Weight initialization scheme
DISTRIBUTION: Sample weights from a provided distribution
ZERO: Generate weights as zeros
SIGMOID_UNIFORM: A version of XAVIER_UNIFORM for sigmoid activation functions. U(-r,r) with r=4*sqrt(6/(fanIn + fanOut))
UNIFORM: Uniform U[-a,a] with a=1/sqrt(fanIn). "Commonly used heuristic" as per Glorot and Bengio 2010
XAVIER: As per Glorot and Bengio 2010: Gaussian distribution with mean 0, variance 2.0/(fanIn + fanOut)

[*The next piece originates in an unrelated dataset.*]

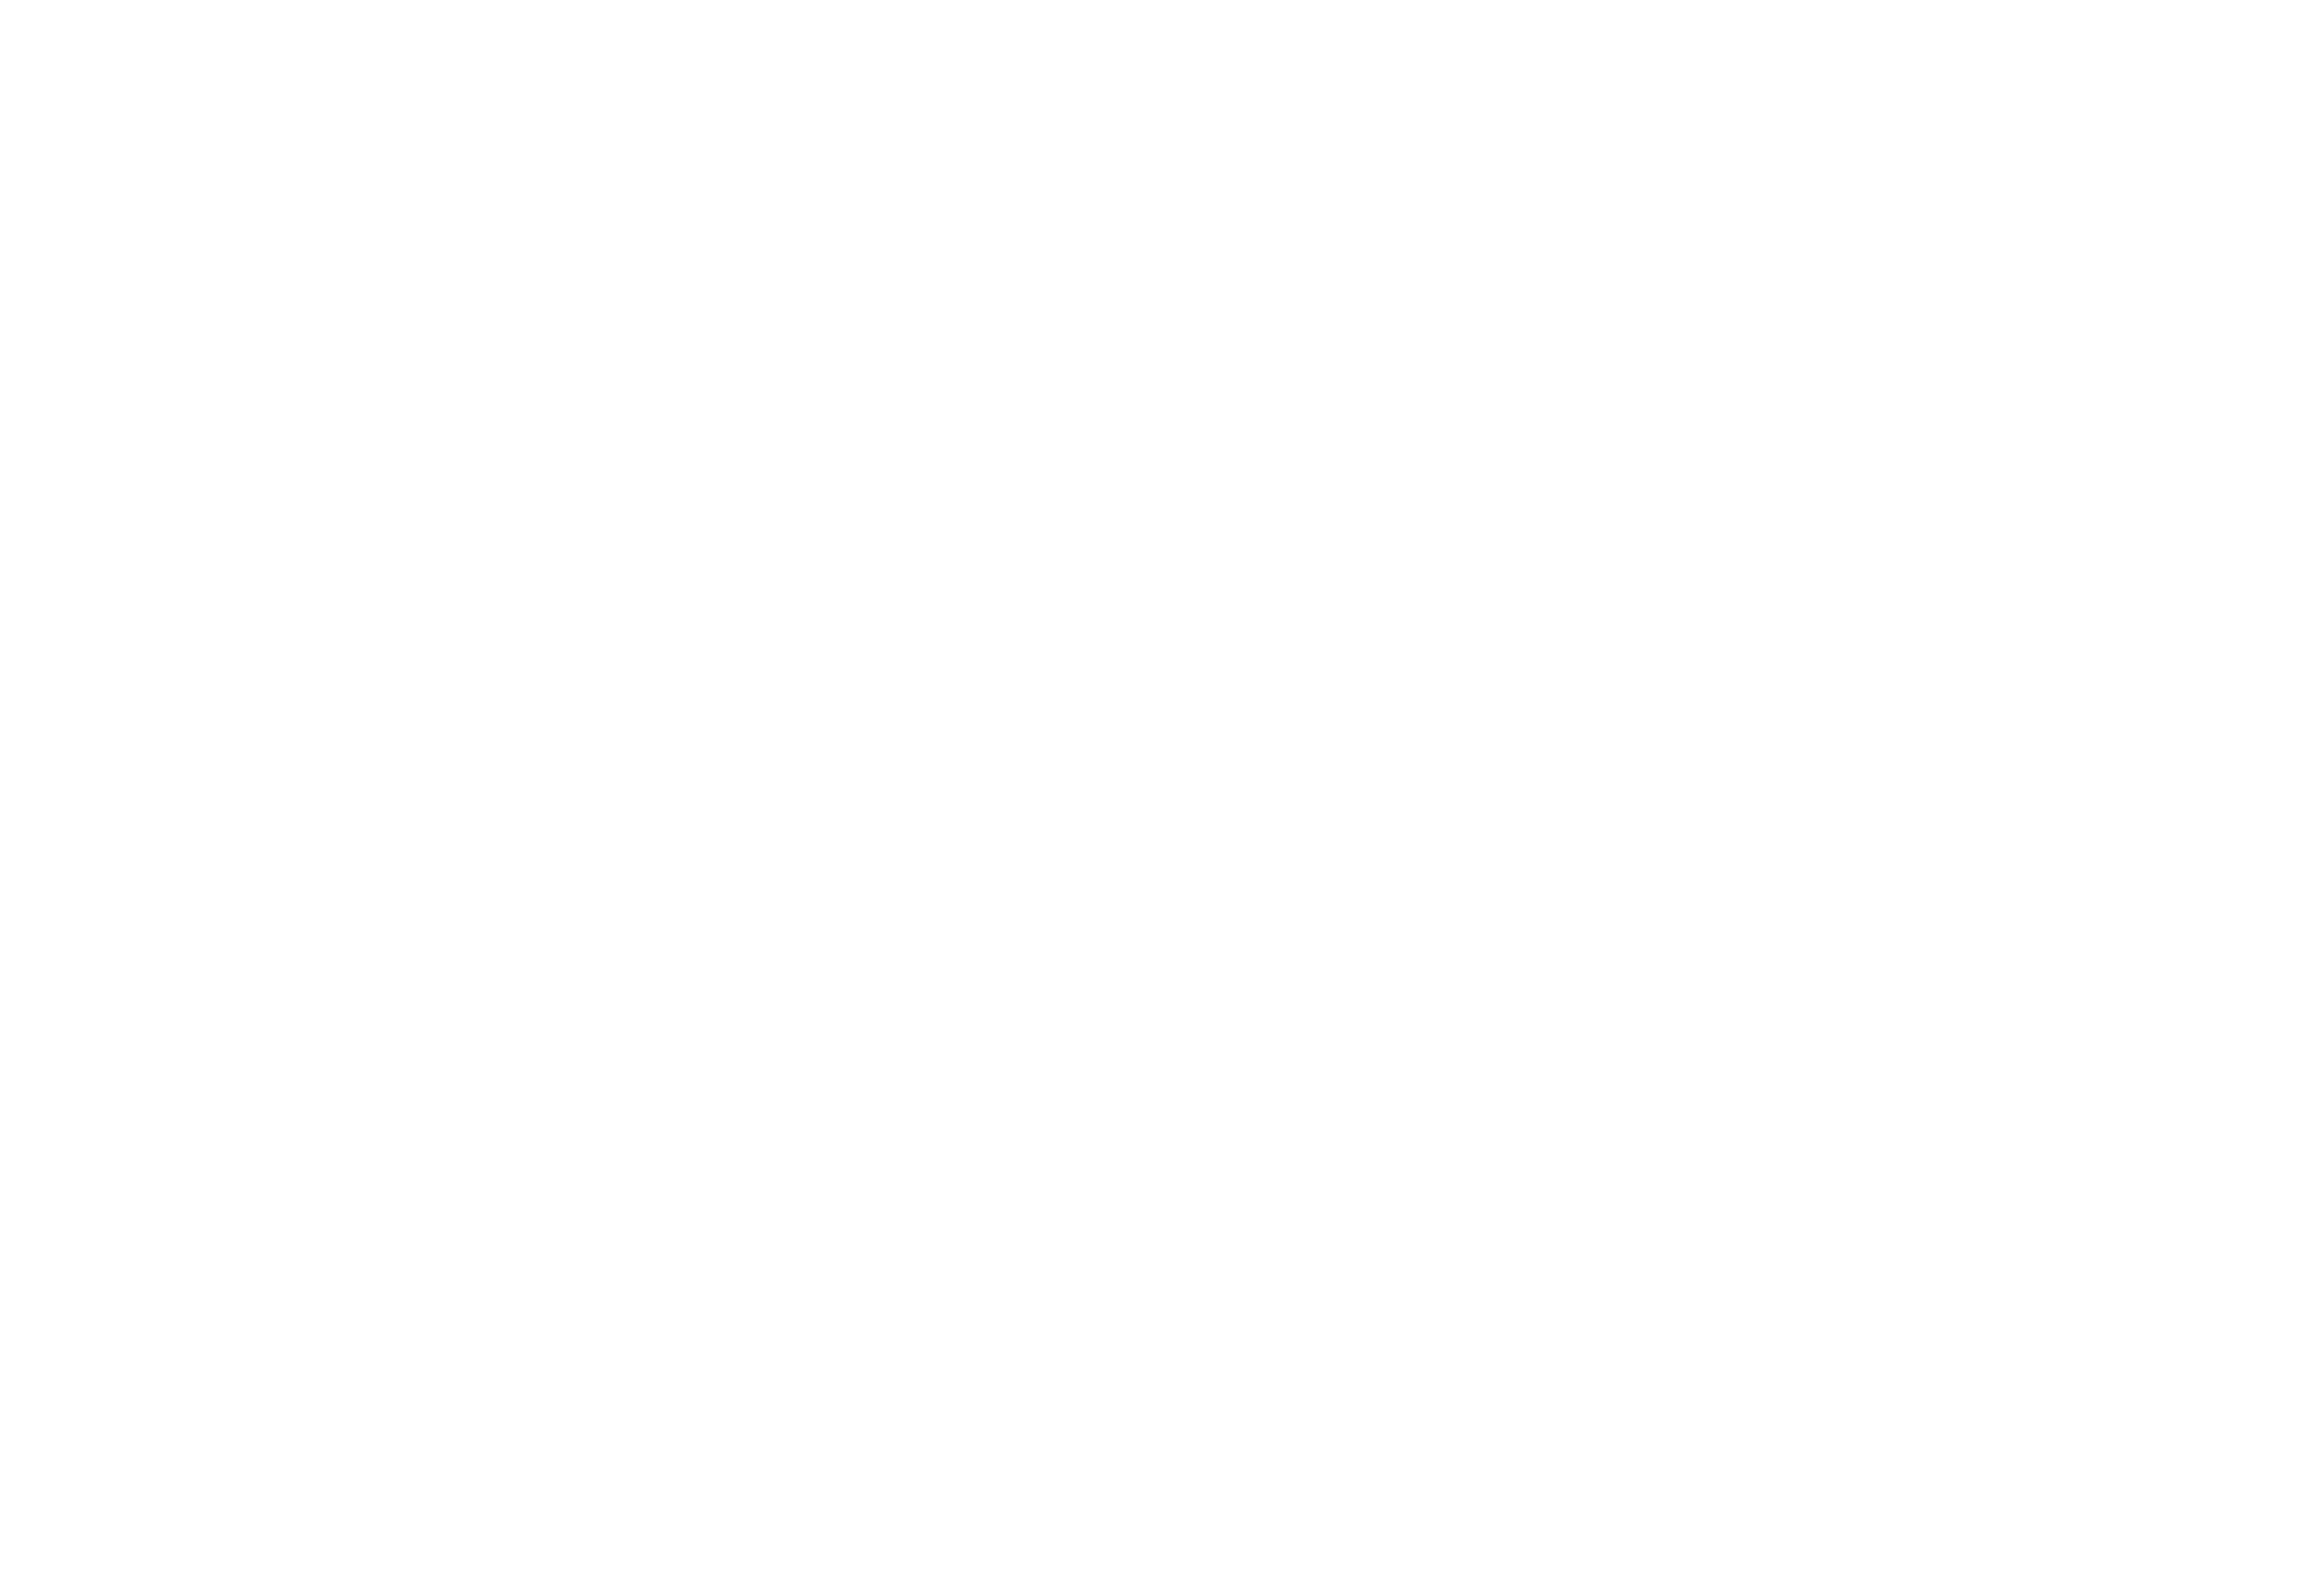 Alex Otaola For Mayor of Miami-Dade

XAVIER_UNIFORM: As per Glorot and Bengio 2010: Uniform distribution U(-s,s) with s = sqrt(6/(fanIn + fanOut))
XAVIER_FAN_IN: Similar to Xavier, but 1/fanIn -> Caffe originally used this.
XAVIER_LEGACY: Xavier weight init in DL4J up to 0.6.0. XAVIER should be preferred.
RELU: He et al. (2015), "Delving Deep into Rectifiers". Normal distribution with variance 2.0/nIn
RELU_UNIFORM: He et al. (2015), "Delving Deep into Rectifiers". Uniform distribution U(-s,s) with s = sqrt(6/fanIn)